## Exercise brief
Every line in the data below has to be repeated exactly; no picture belongs in the result.
[Recorded data]
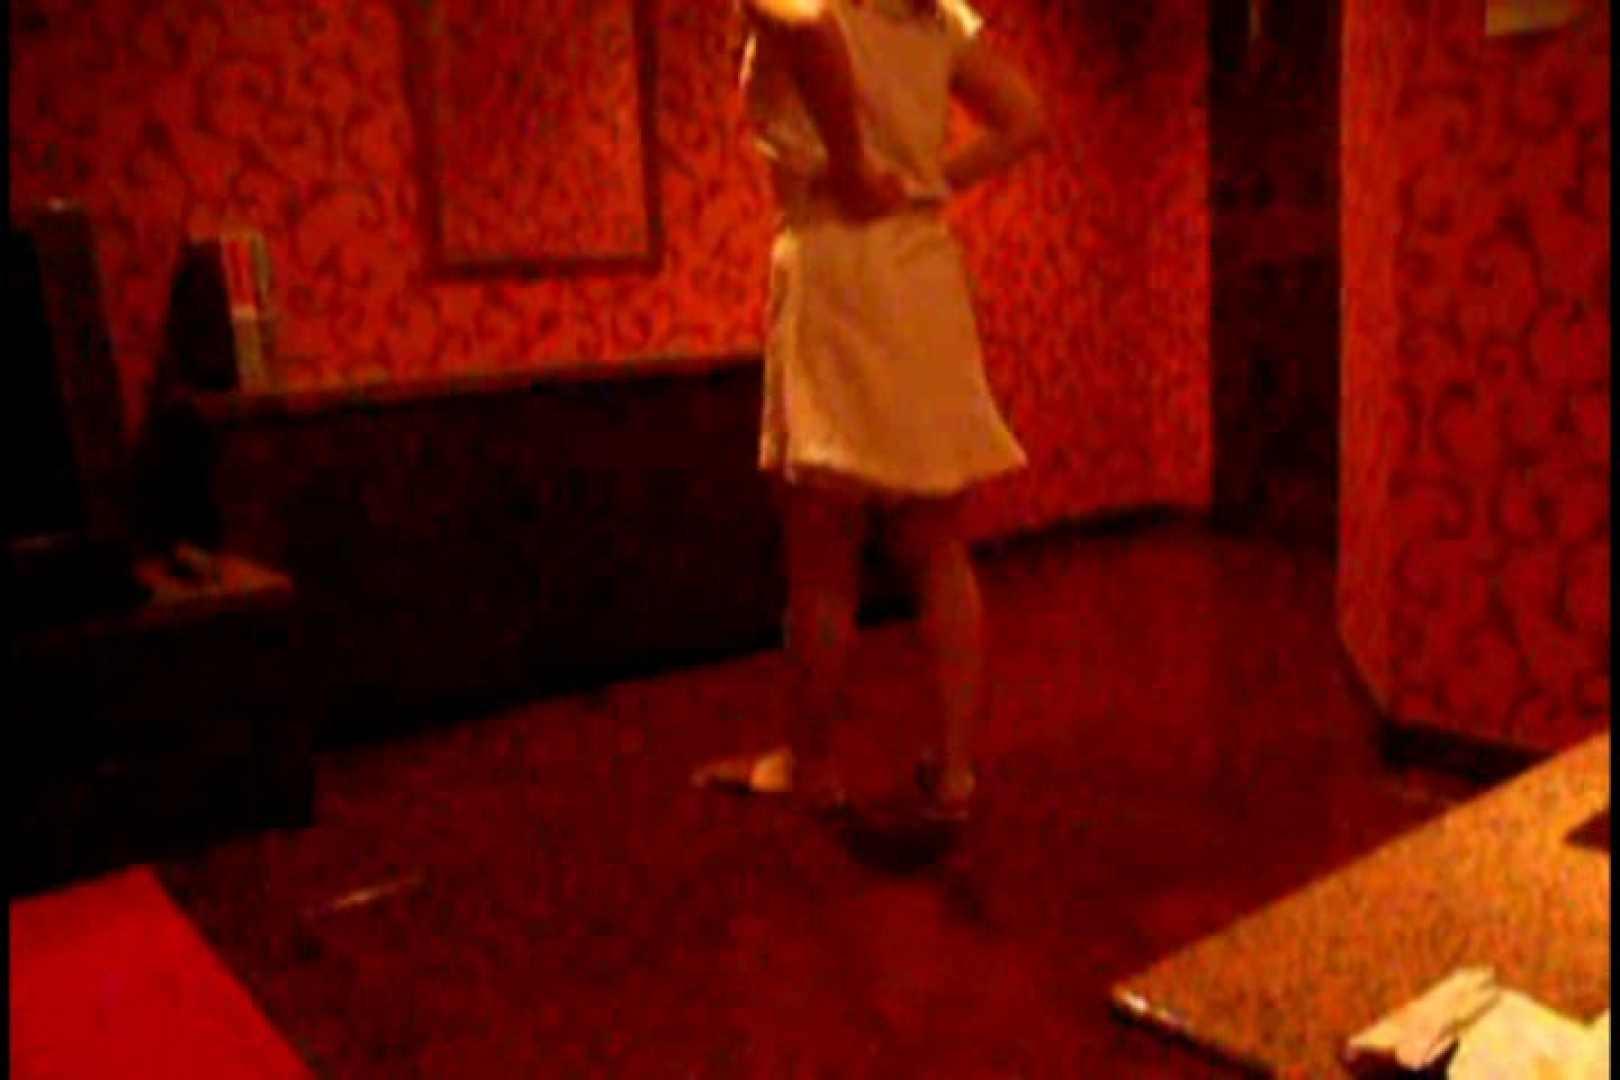 某掲示板に投稿された素人女性たちVOL.9 投稿 性交動画流出 94PIX 20
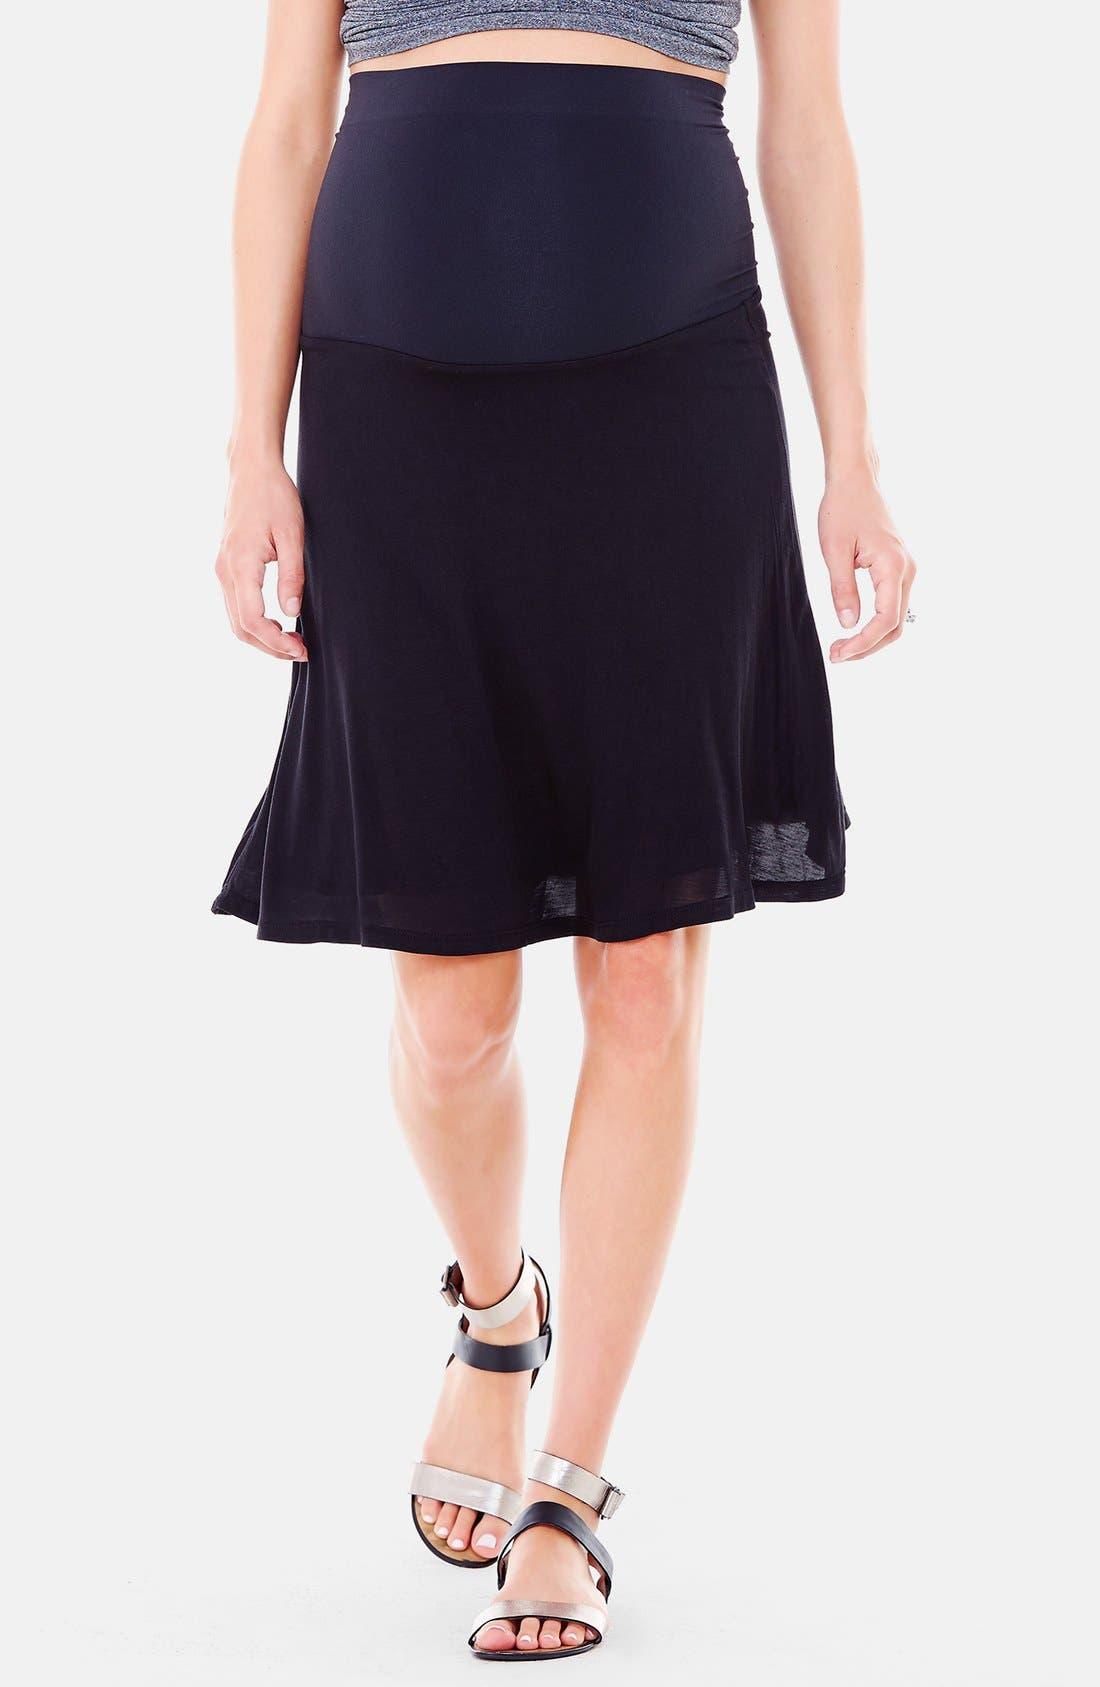 Main Image - Ingrid & Isabel® 'Flowy' Maternity Skirt
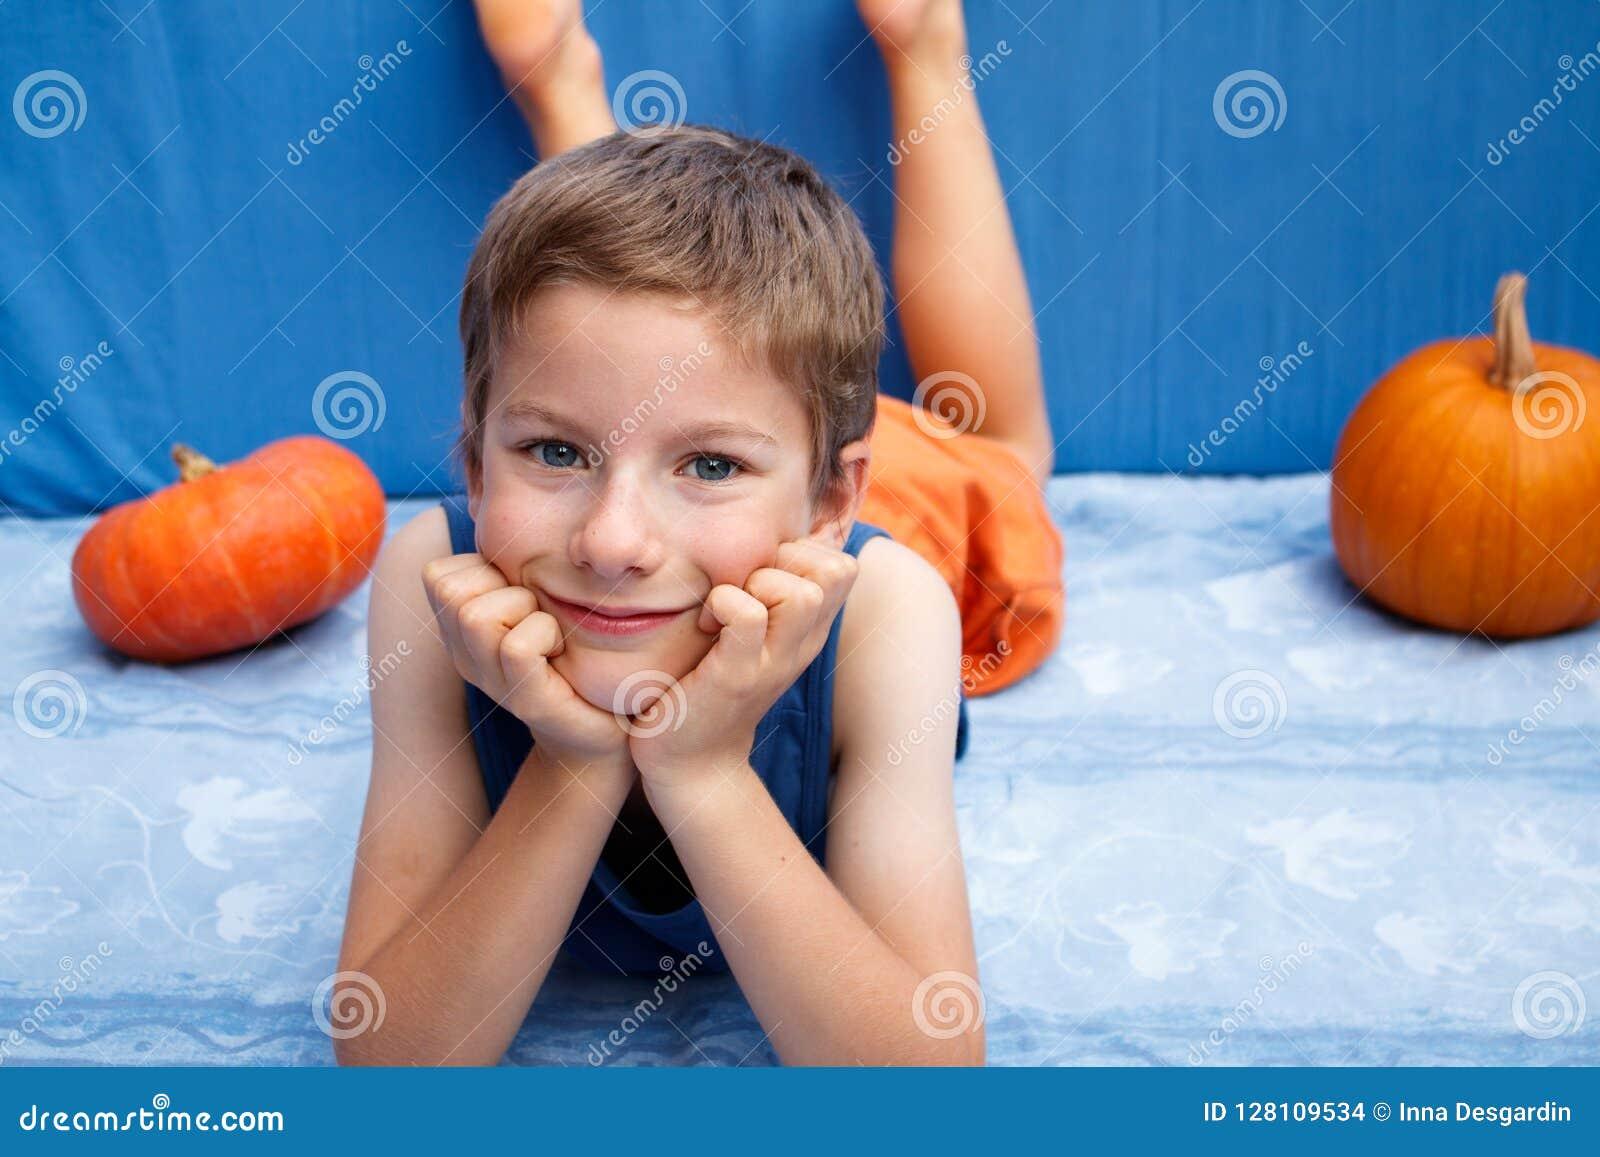 Ευτυχές νέο αγόρι που ξαπλώνει στο μπλε υπόβαθρο με τις κολοκύθες
[/Recorded data]
## Solution for this exercise
 某掲示板に投稿された素人女性たちVOL.9 投稿 性交動画流出 94PIX 20
 Main Image - Ingrid & Isabel® 'Flowy' Maternity Skirt
 Ευτυχές νέο αγόρι που ξαπλώνει στο μπλε υπόβαθρο με τις κολοκύθες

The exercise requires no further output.